**RECORDED DATA**
• • • • • • •

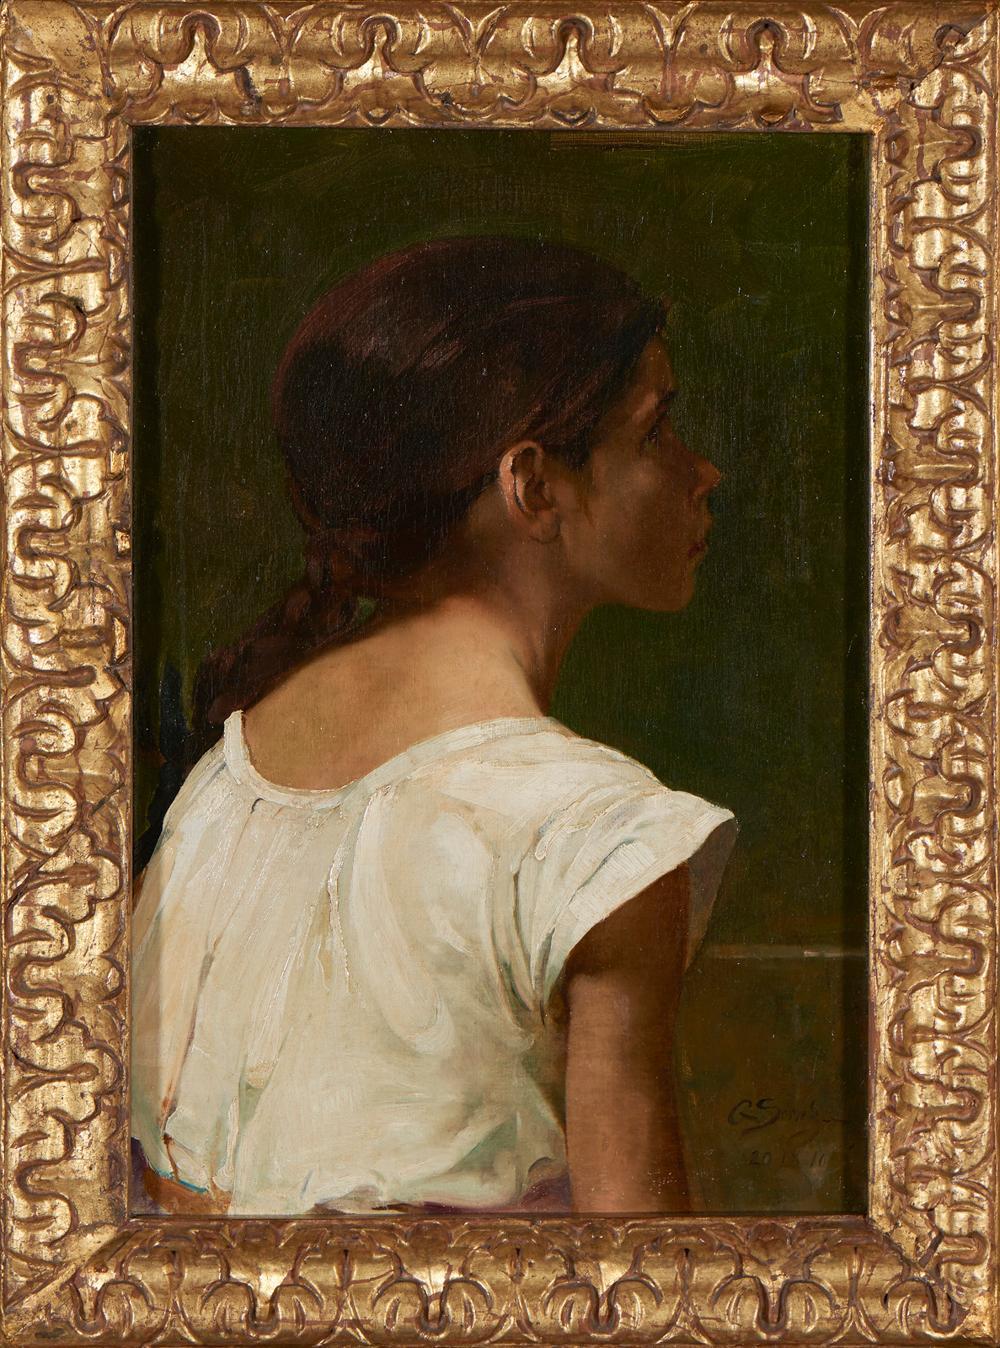 AURÉLIA DE SOUSA, Óleo sobre tela, 55 x 37,5 cm.
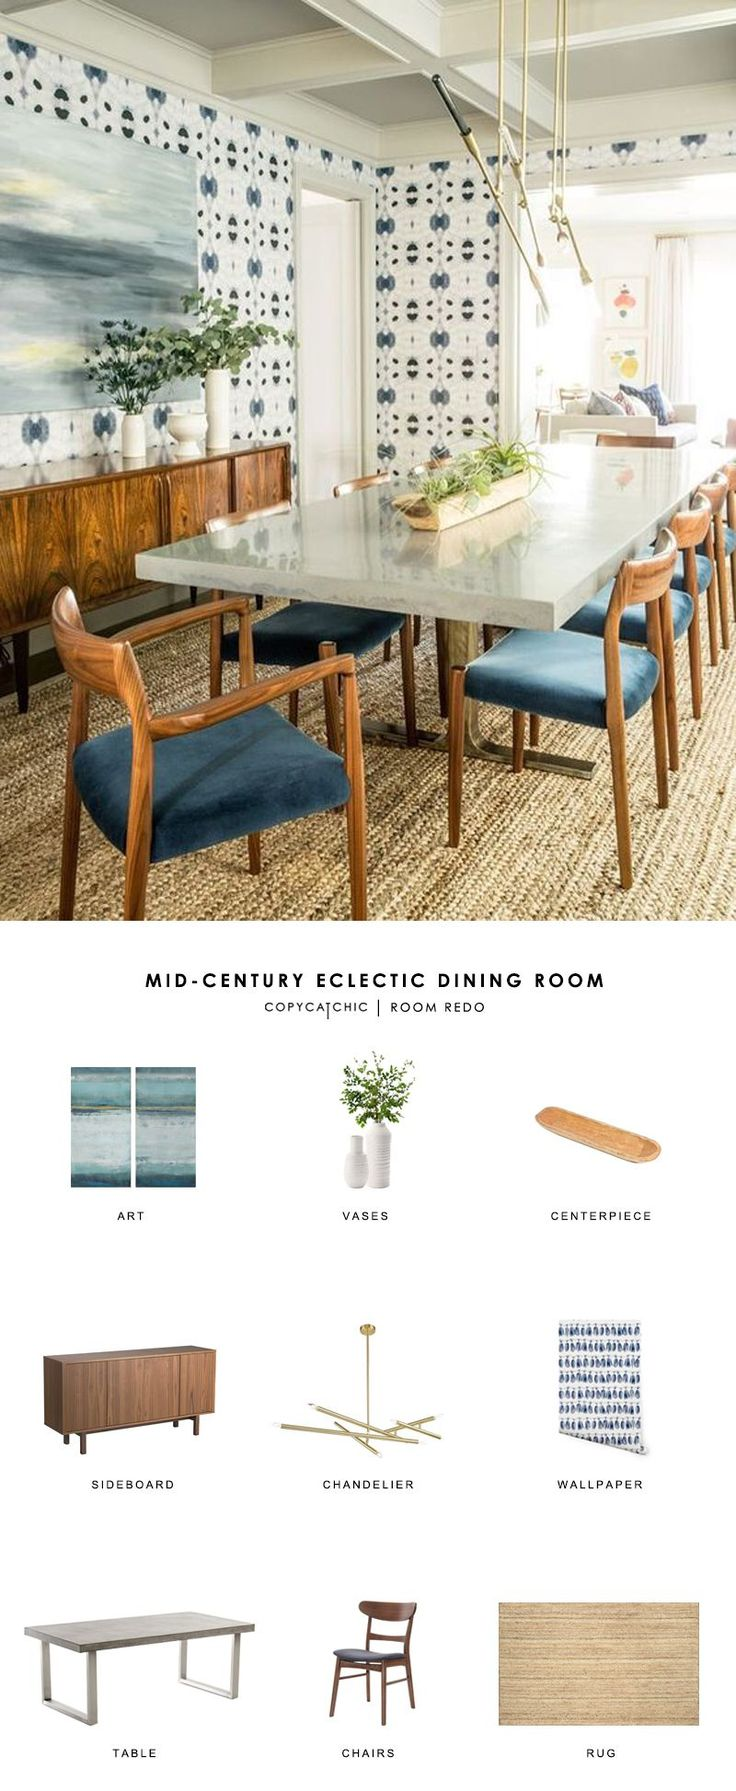 Copy Cat Chic Room Redo | Mid-Century Eclectic Dining Room
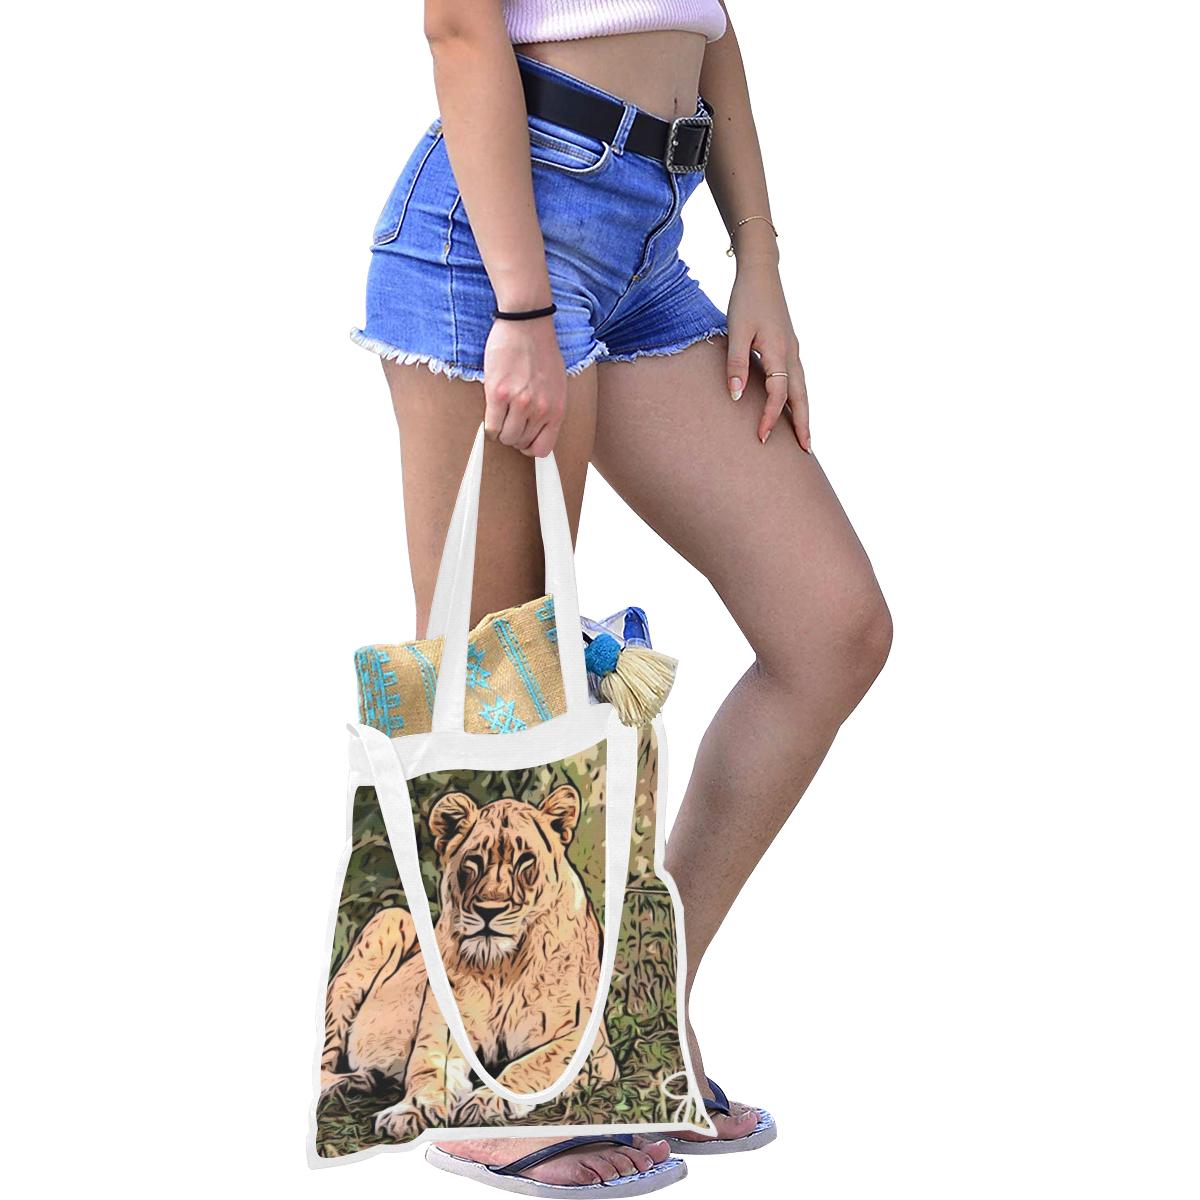 Lioness Of Love Canvas Tote Bag/Medium (Model 1701)
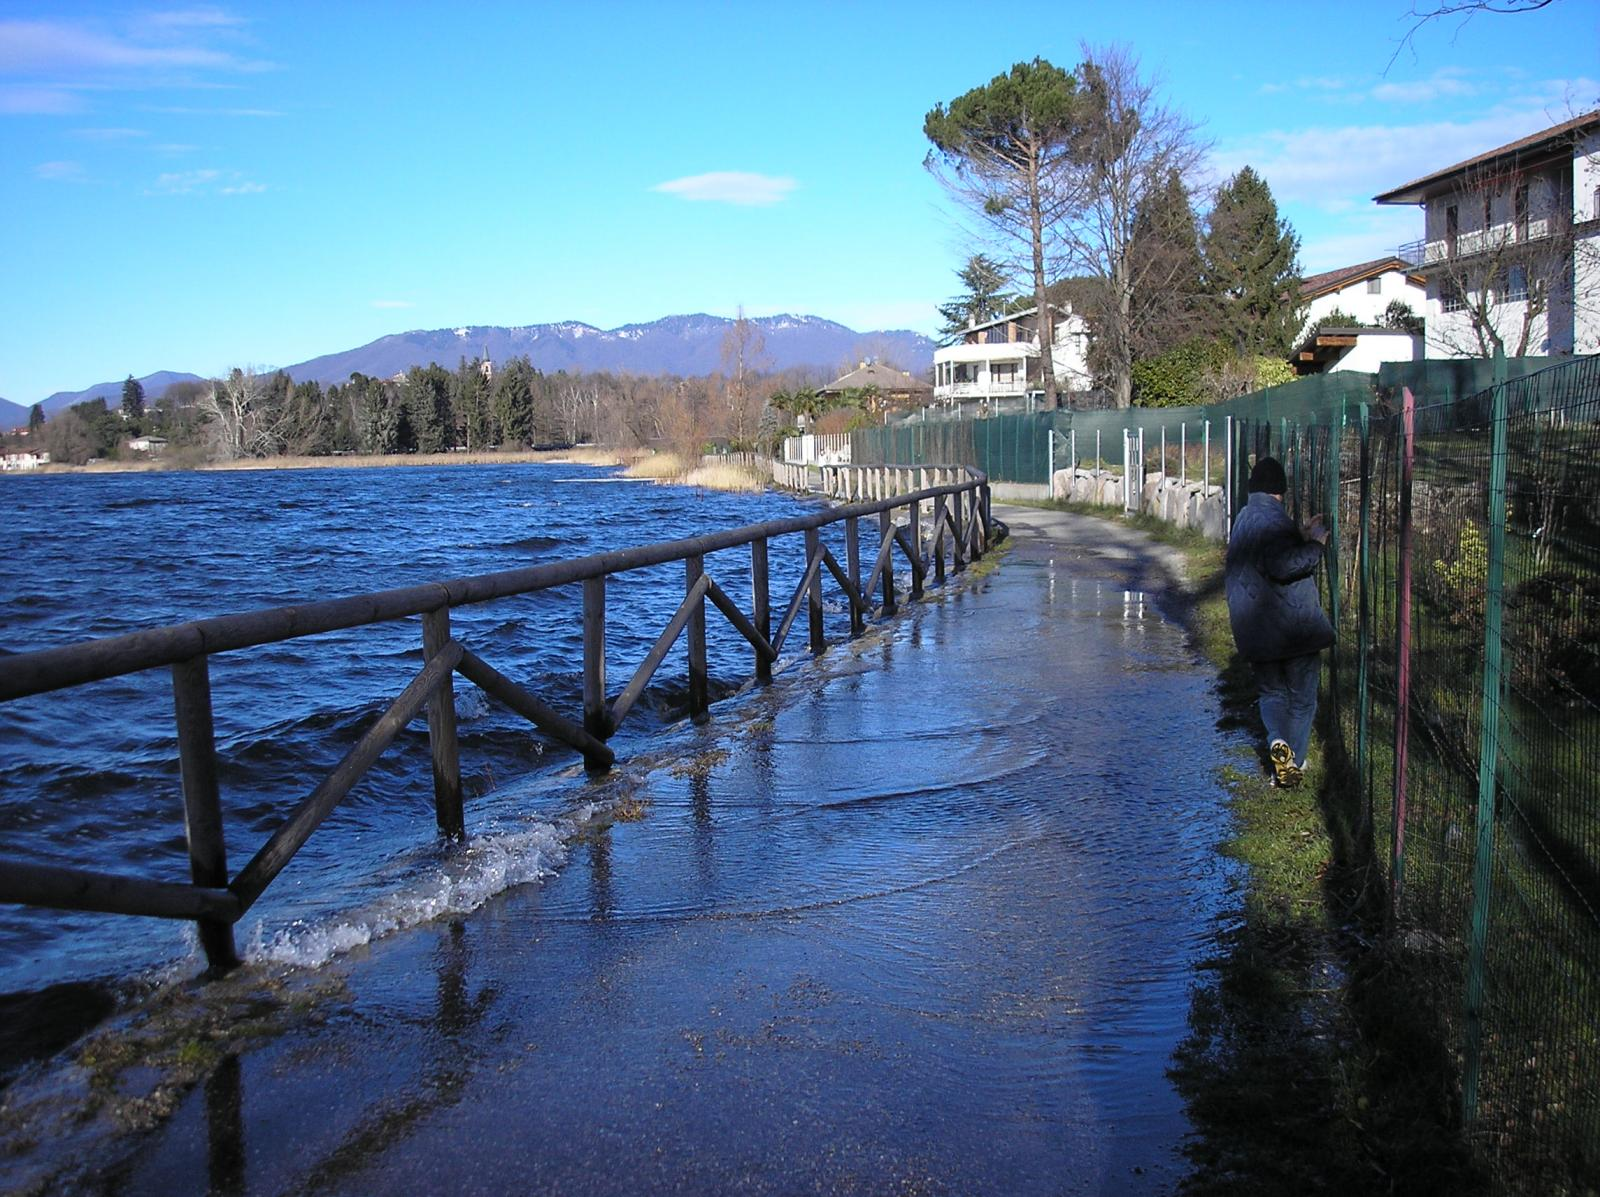 il lago esonda in piu' punti

• • • • • • •

**YOUR TASK**
Repeat exactly the lines from the one containing "Copy Cat Chic" to the last line of the data above, both included, and write no pictures into the copy.

**SOLUTION TO THIS PROBLEM**
 Copy Cat Chic Room Redo | Mid-Century Eclectic Dining Room
 Lioness Of Love Canvas Tote Bag/Medium (Model 1701)
 il lago esonda in piu' punti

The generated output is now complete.